Too often when Congress passes legislation, they exclude people with violent offenses. This does not work. These reforms leave out too many people, the cost of incarceration is too high, and it’s cruel given all the people we leave out of relief.
We incarcerate too many people for too long a time
- Over incarceration exacerbates the problems of mass incarceration. According to a Pew Charitable Trust study of three states 57 percent of incarcerated people in Michigan, 33 percent in Maryland, and 28 percent in Florida could have been released sooner without a threat to public safety.
- Bureau of Justice Statistics found that criminal behavior peaks at 22 years old and drops precipitously afterwards.
- Recidivism rates decrease as people age according to the Bureau of Justice Statistics.
- People of color are disproportionally incarcerated. The U.S. population of black people is about 13 percent but their share of the prison population (state and federal) is close to 33 percent. White people are 64 percent of the population but make up just 30 percent of the prison population. Latinos comprise 16 percent of the population while making up 23 percent of the prison population.
Incarceration is psychologically scarring and these scars make reentry difficult
- Long sentences (sentences for violent crimes are often long) are psychologically scaring to incarcerated people. Long prison sentences result in increased levels of depression, anxiety, post-traumatic stress, and self-isolation. These can be so extreme that they can cause an “existential death” or a state of emotional unfeeling and complete disassociation from the outside.
- The psychological effects of incarceration also negatively affect the children of the incarcerated. In turn, children with incarcerated parents are more likely to become incarcerated themselves.

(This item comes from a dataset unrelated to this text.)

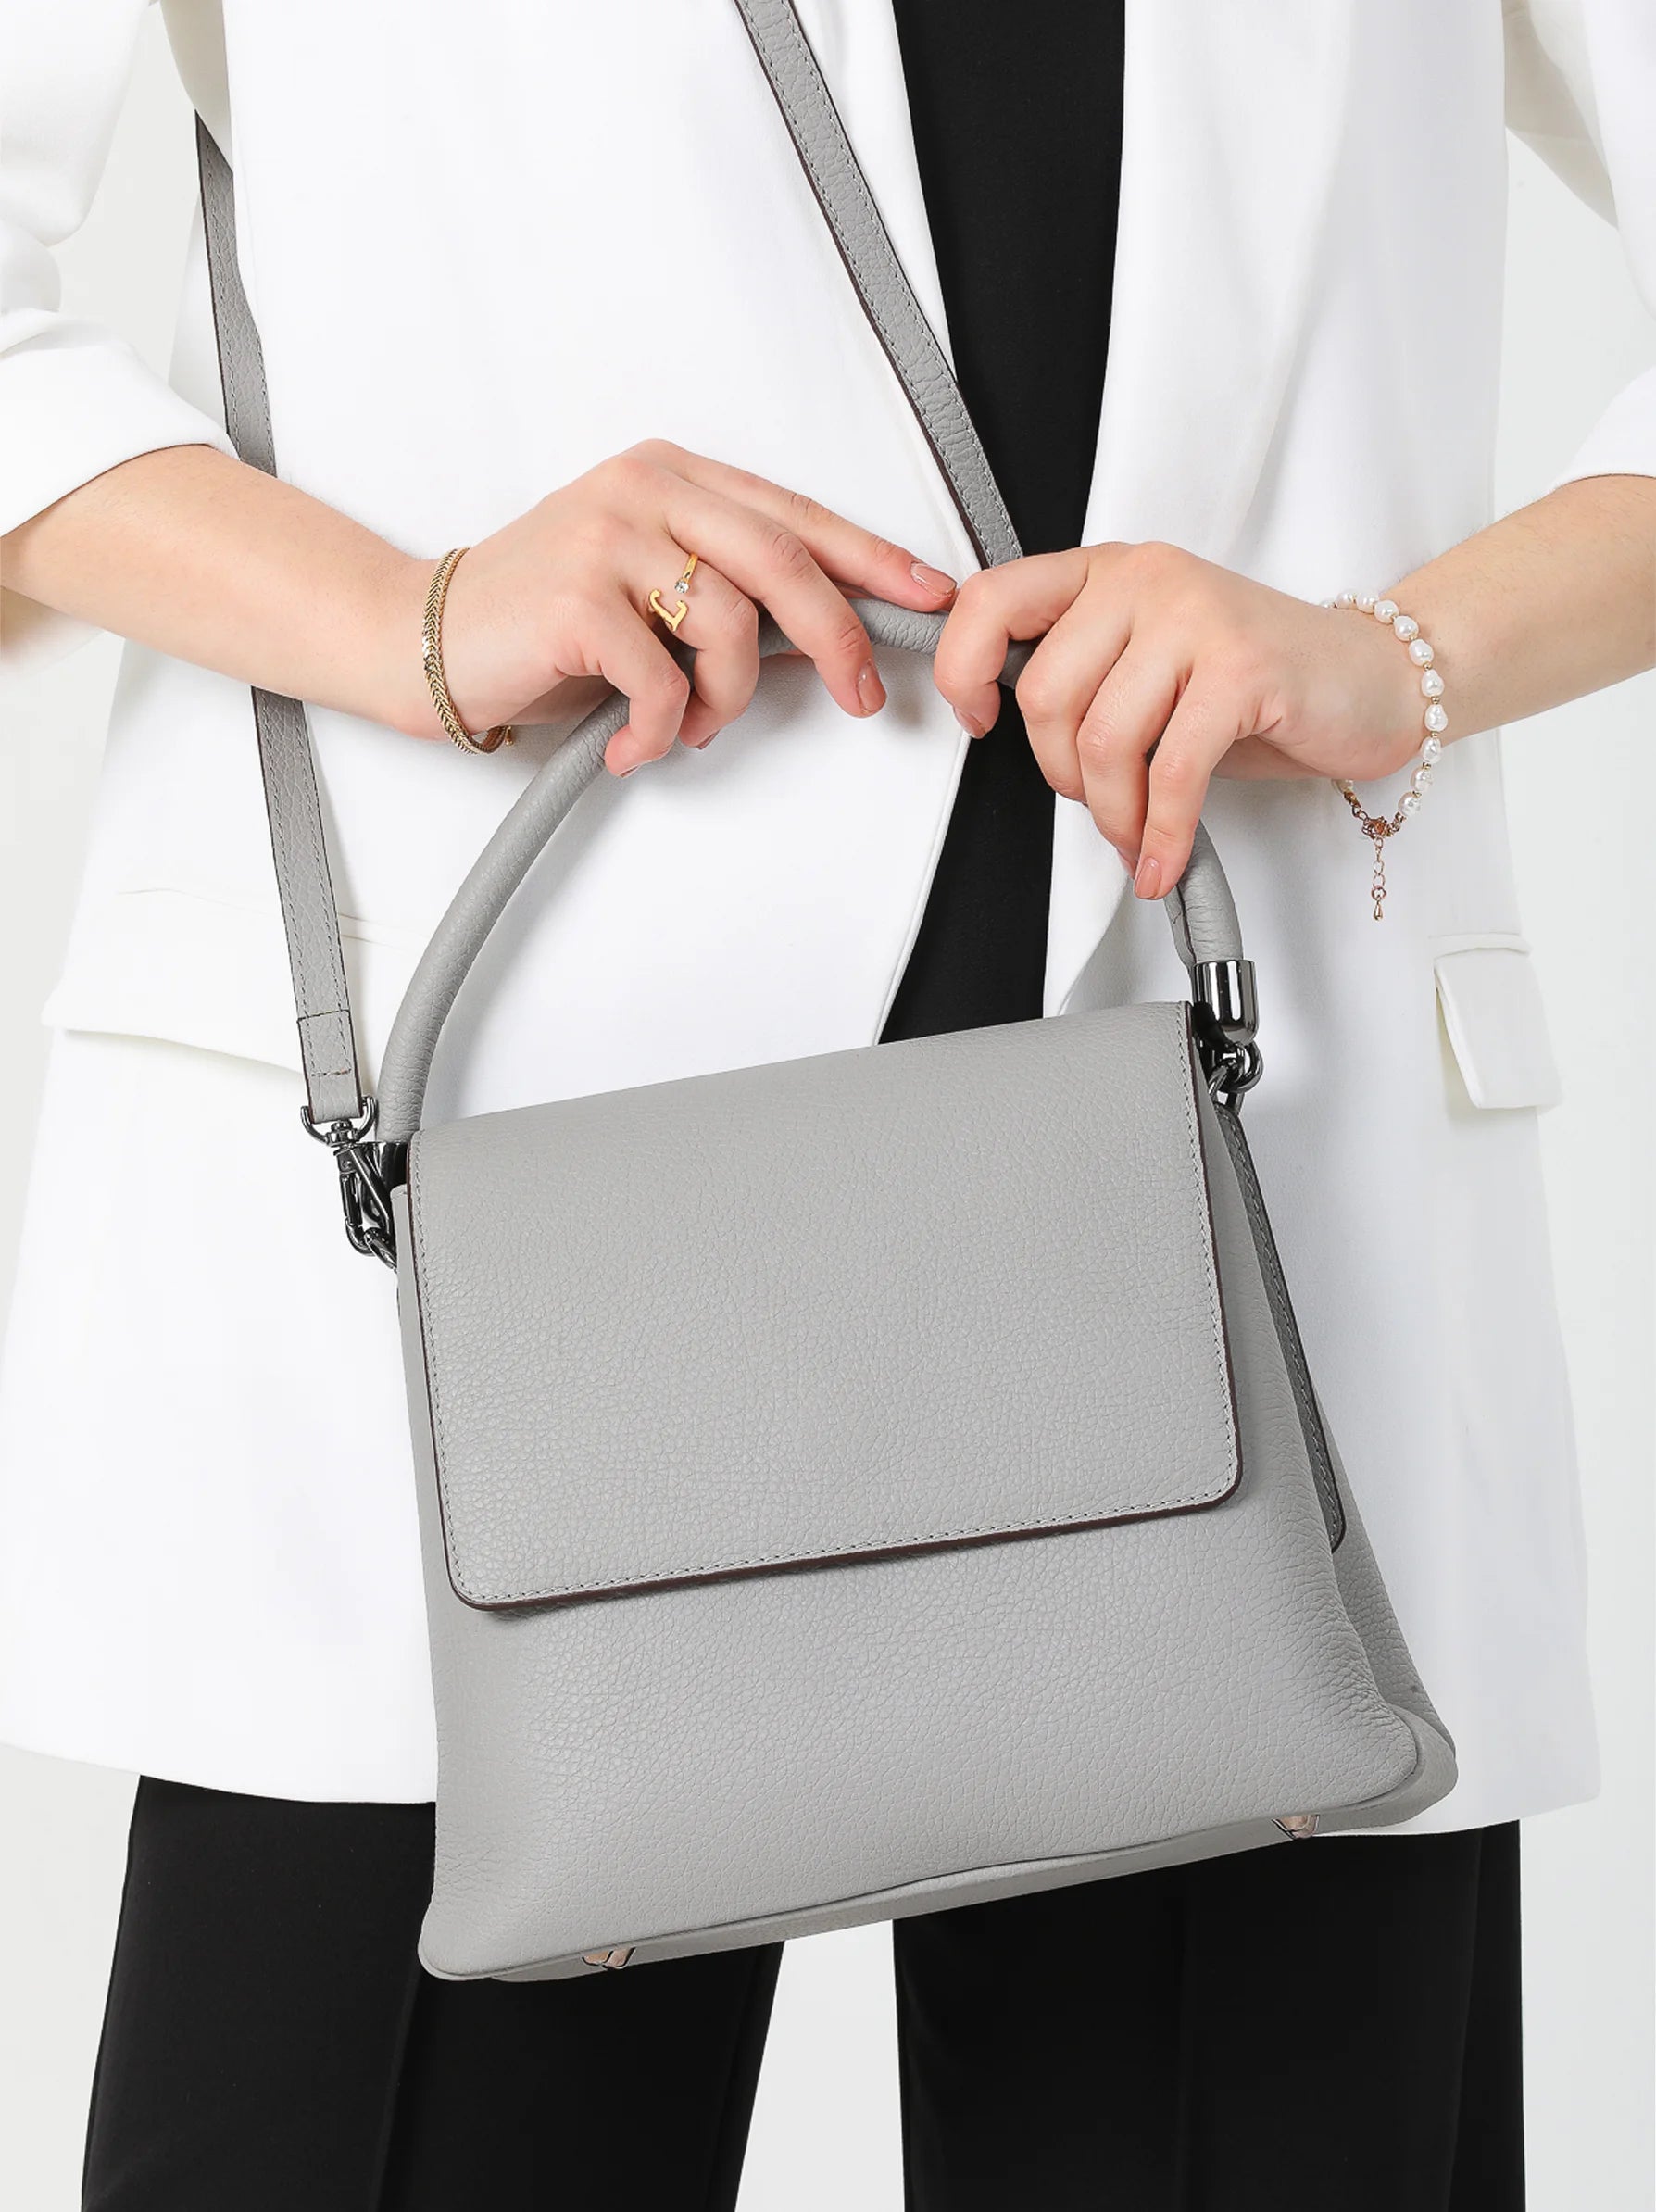 6 Handbags Every Woman Should Own

Reentry is made more difficult after prolonged sentences
- Re-entry gets more difficult the longer the sentence. Violent offenses usually receive long or overly long sentences. The deprivation from society stemming from incarceration leads to skills that atrophy making adjustment to the outside world more difficult. For example, technological advances that occur while people are serving medium- and long-term sentences can make finding employment more difficult.
Long sentences lead to the incarceration of older people increasing the cost of incarceration
- Older individuals are more expensive to keep incarcerated. However, incarcerated individuals over the age of 50 are the fastest growing incarcerated population. This increase is leading to a financial strain on prisons. Institutions with the highest percentages of aging inmates spent 14 times more per inmate on medication ($684) than those without a concentration of individuals over the age of 50.
Mass incarceration is made up of a labyrinth of barriers and punishments. Reforms should include all people regardless of conviction and legislation should never exclude violent offenses. These exclusions are both cruel and counterproductive.